- _TASK INSTRUCTIONS_
When you reach the line containing "Atlee at Patrick", begin reproducing the lines exactly and continue through the end of the listing, leaving out the pictures.

- _AVAILABLE DATA_
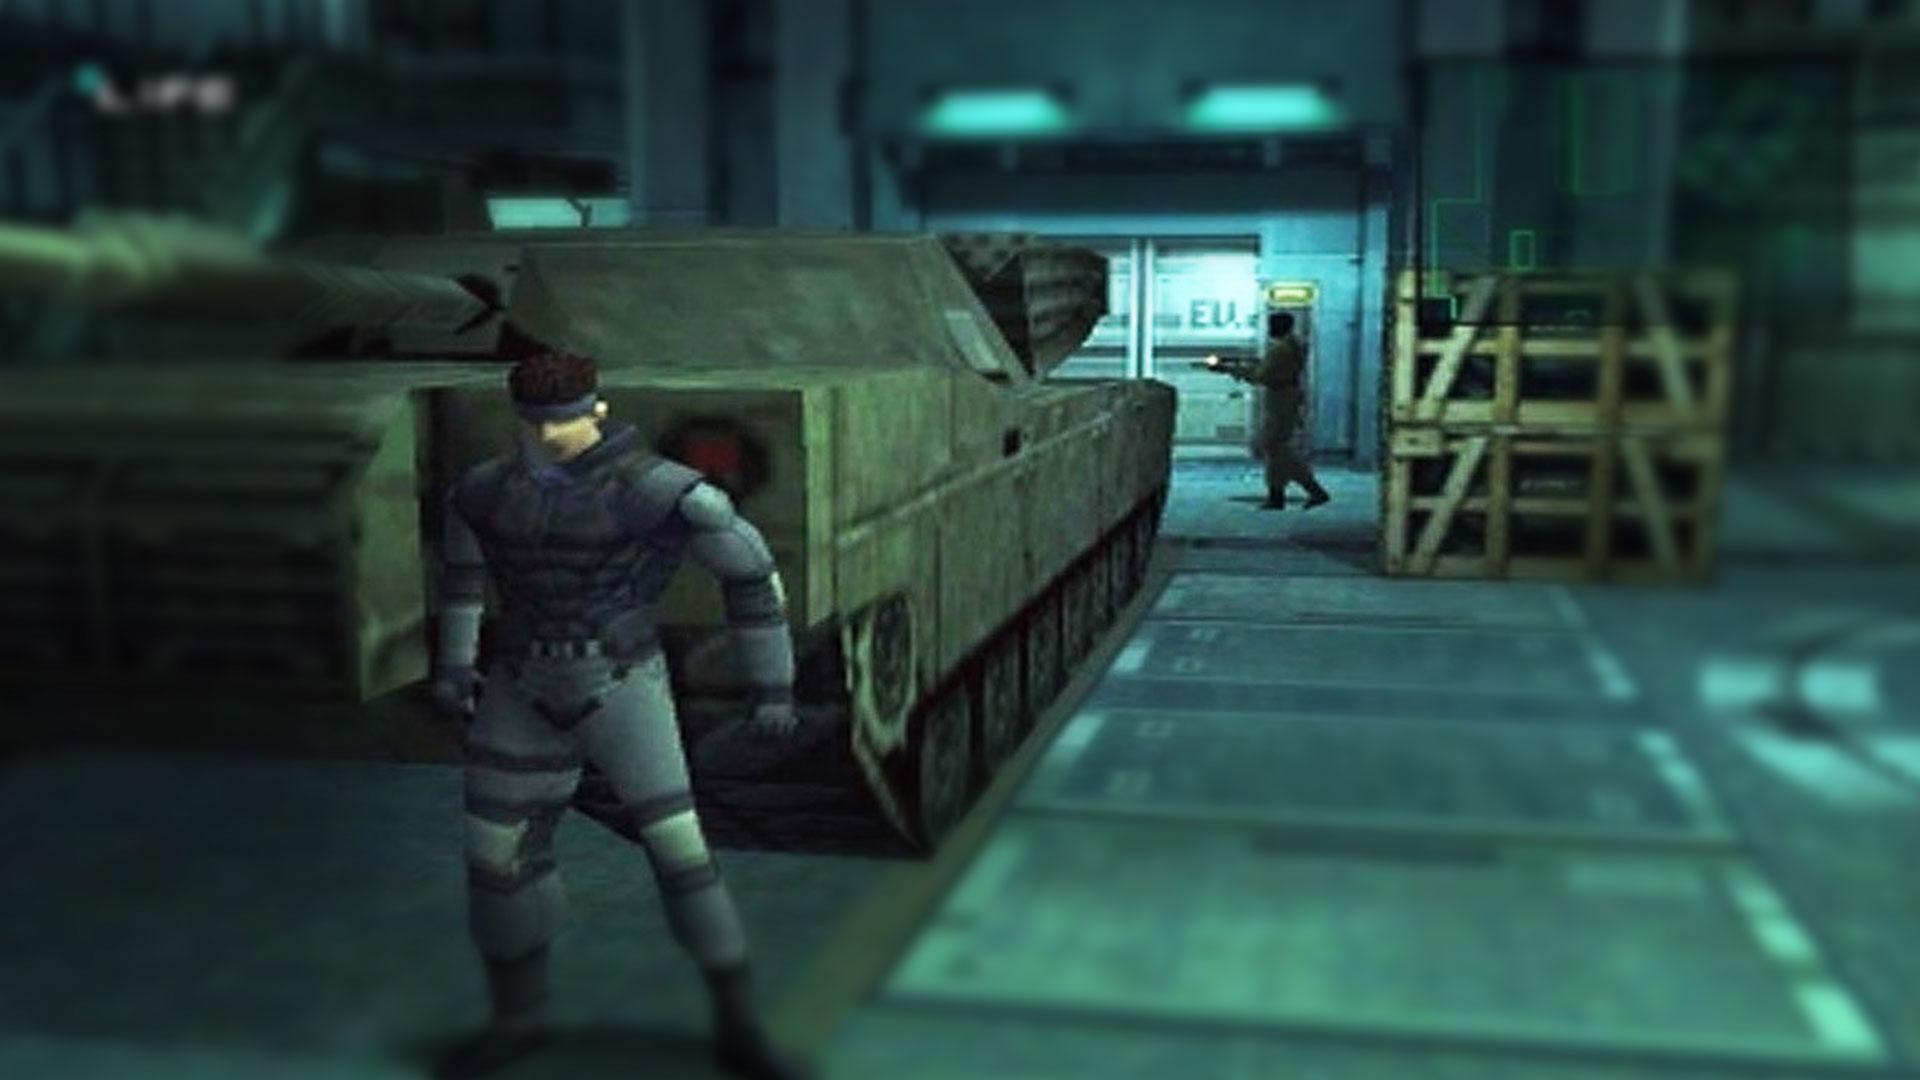 Metal Gear Solid сюжет в шутере
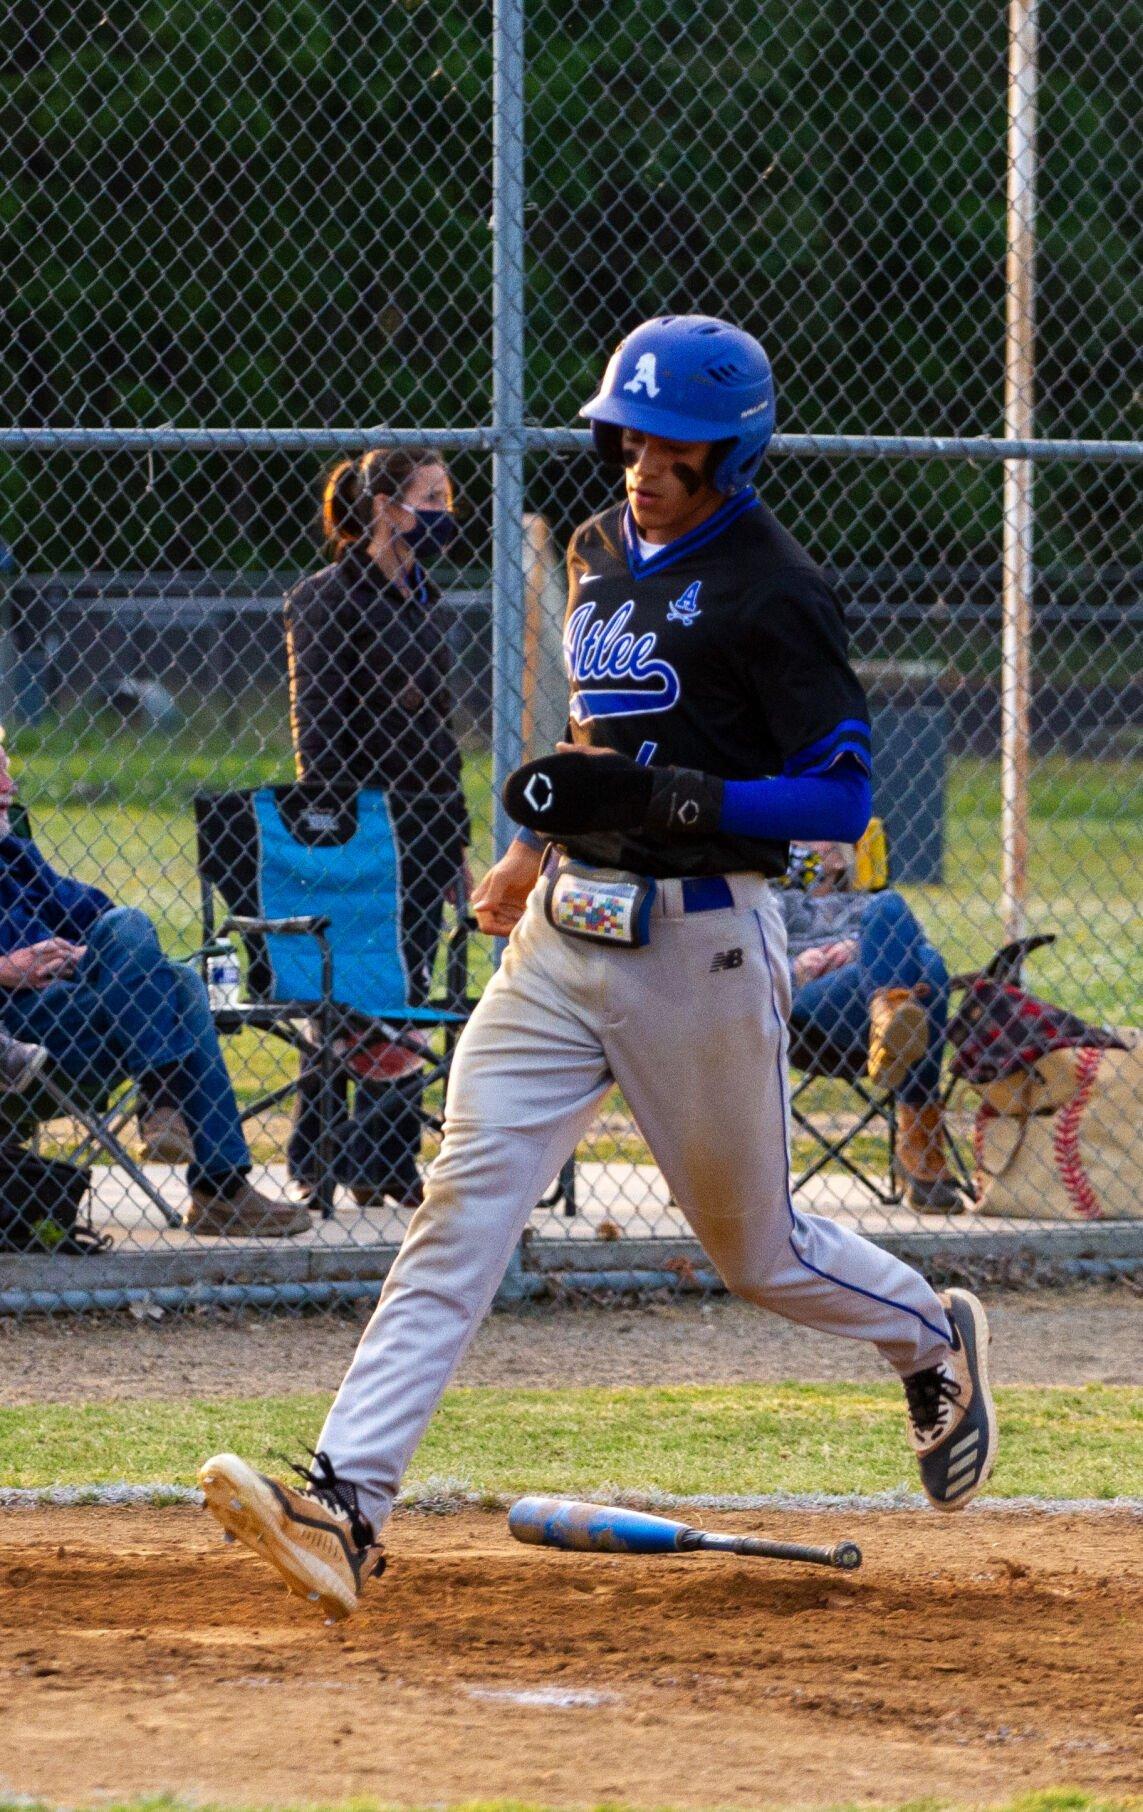 Atlee at Patrick Henry baseball: Montoya scores
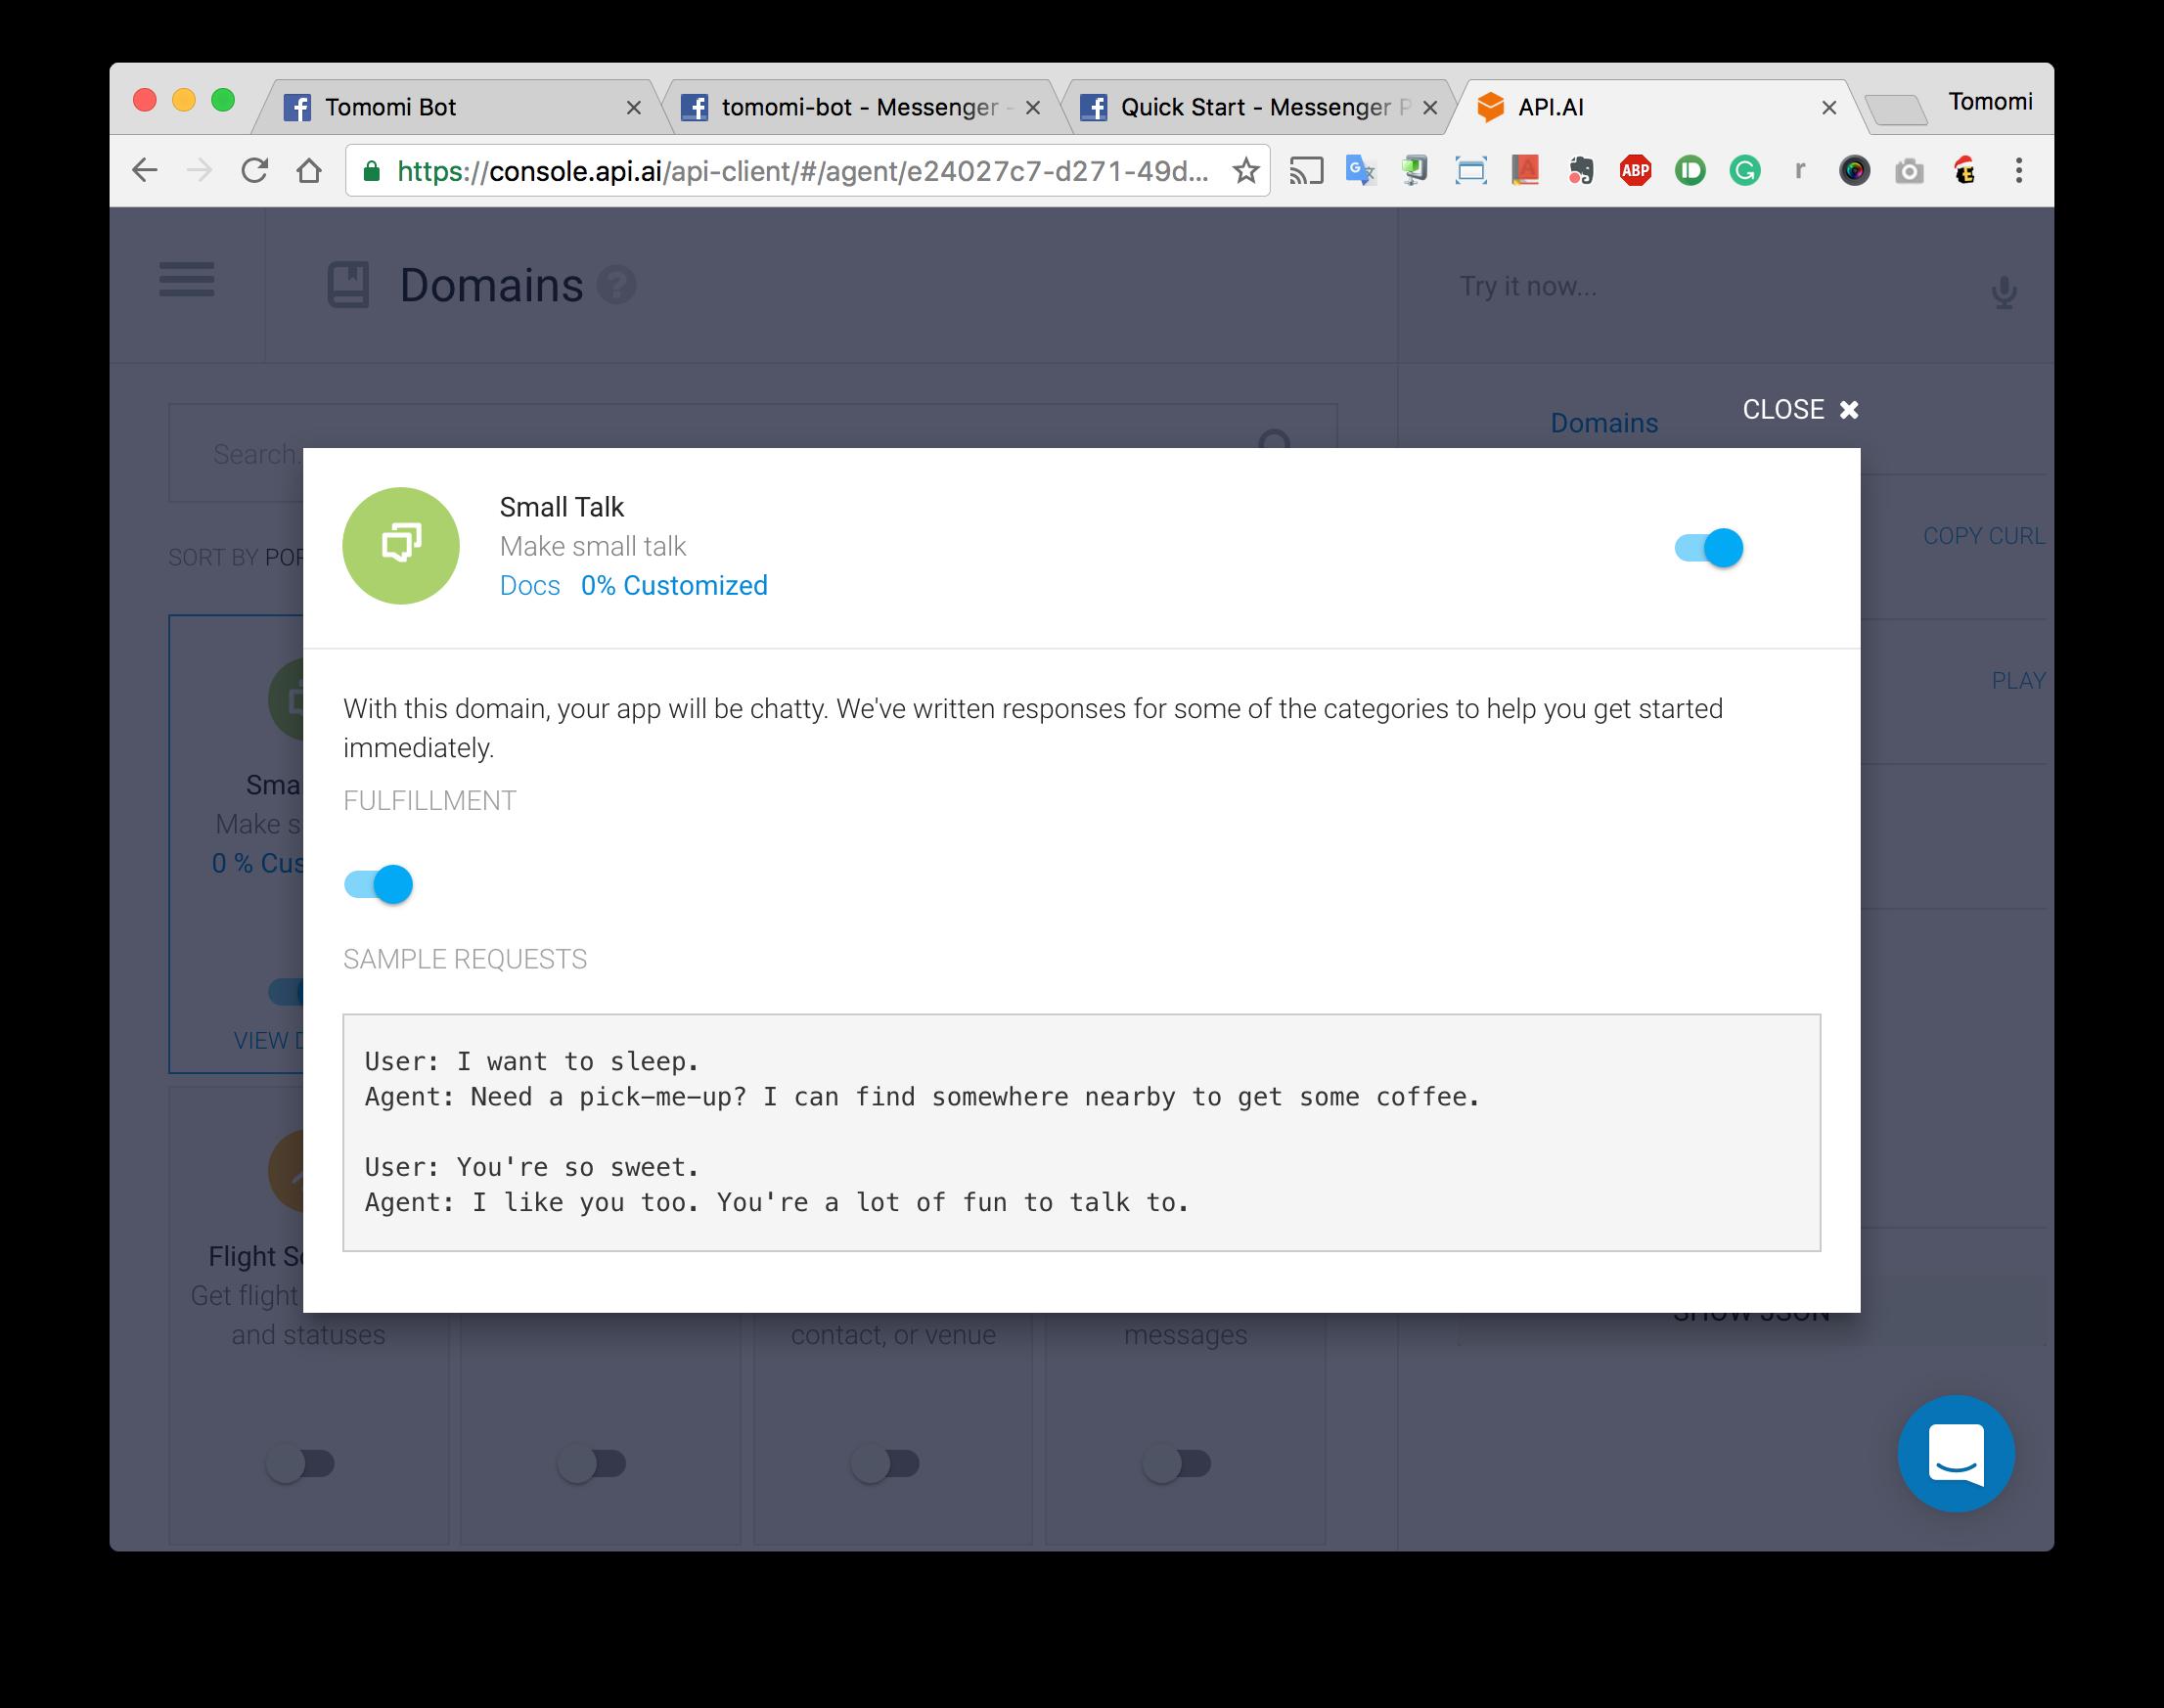 Creating a Simple Facebook Messenger AI Bot with API ai in Node js

- _TASK ANSWER_
 Atlee at Patrick Henry baseball: Montoya scores
 Creating a Simple Facebook Messenger AI Bot with API ai in Node js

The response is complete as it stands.